We Need to Get Over Ourselves - wallacrw
http://www.russwallace.com/post/70346477169/we-need-to-get-over-ourselves

======
trustfundbaby
I really really want to agree with the poster, but I have to say that I can't.

\- Blind introductions feel like poor etiquette in any industry. Not doing the
legwork of making sure that it will be a decent fit before doing the intro,
puts the person you're asking in the uncomfortable situation of turning down
the person you've introduced or wasting their time on a meeting that they know
will be pointless. It makes you feel good, because it looks like you're
helping, but I feel its a bit lazy.

\- startups are an industry onto themselves, if we're using the word "startup"
properly. A startup isn't just a fledgling business, its a fledgling business
that is positioning for extra-ordinary growth at some point in the near
future. If you take money to build a "startup" and only manage to build a
sustainable business (steady 30% growth for example), you'll probably wind up
"failing" because your investors wanted 5/10 times their investment back in a
shorter period of time than you can manage.

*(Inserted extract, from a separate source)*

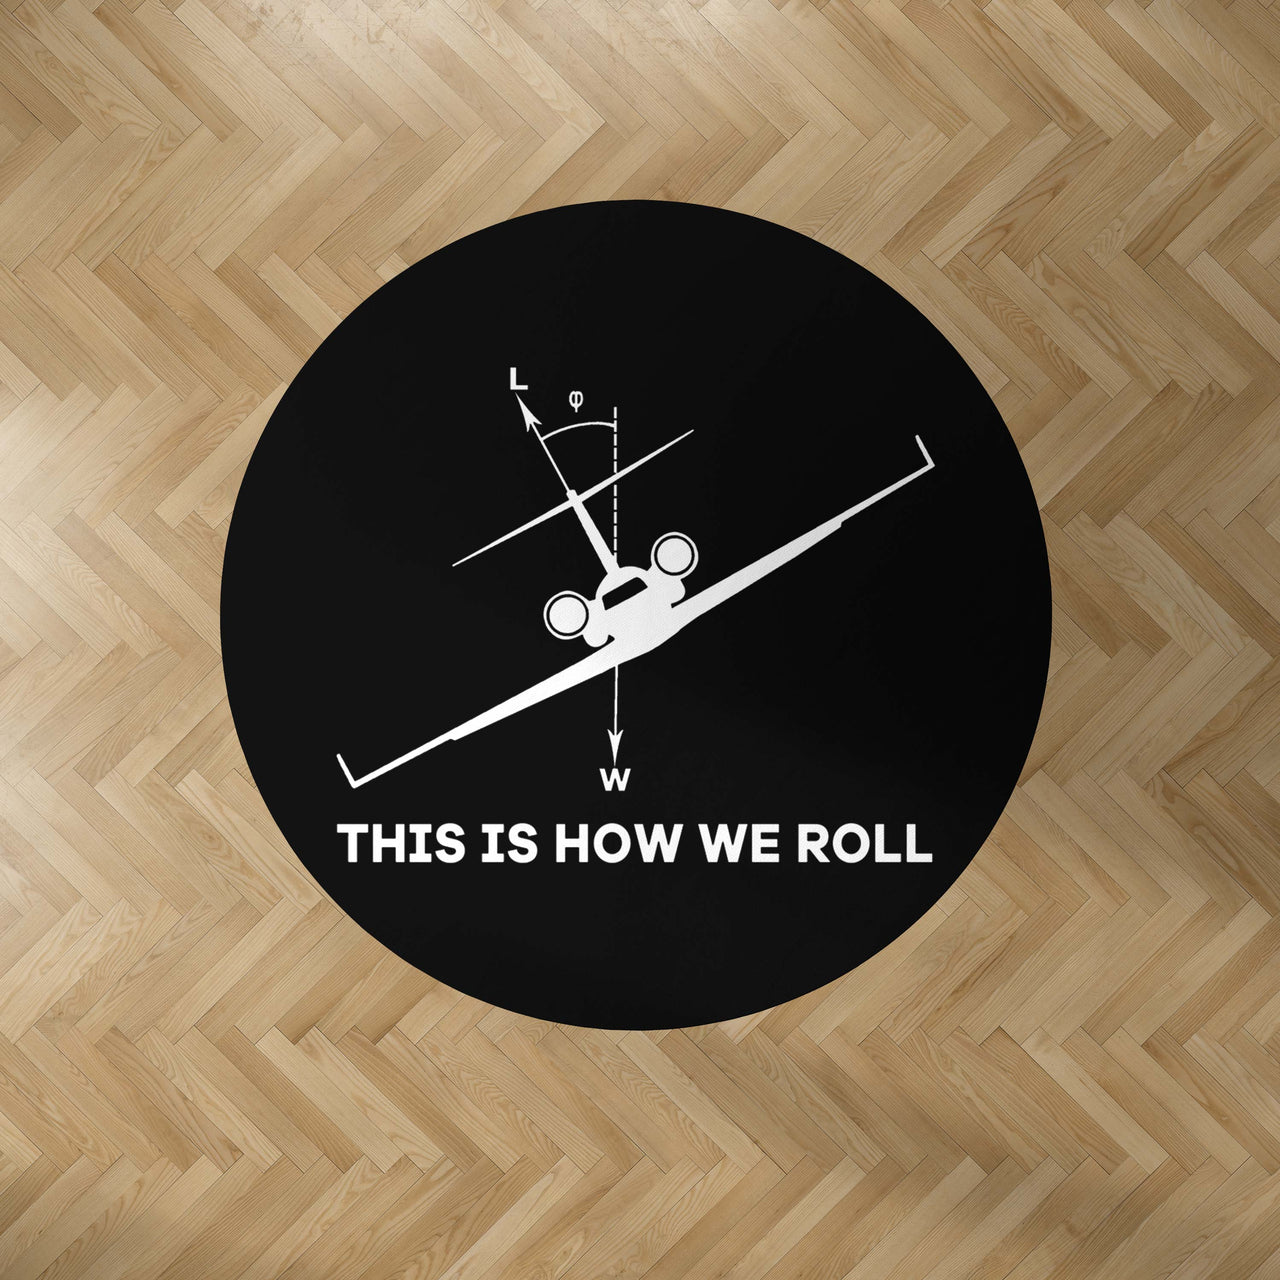 This is How We Roll Designed Carpet & Floor Mats (Round)

\- "wantrapreneurs" are real. I've run into them. They either have money
burning a hole in their pocket and want to do a startup without knowing the
first thing about it and without the humility to admit it or ask for help, or
worse, they have an "idea" and no money and the arrogance to believe that just
that will be enough.

I do think its a good article to reflect upon regardless, because the truth is
that in the startup space, there is a tendency to be really full of ourselves
to an obnoxious degree

------
virtue3
I like how he made a post about not wanting to read silly tech blogs... in his
silly tech blog.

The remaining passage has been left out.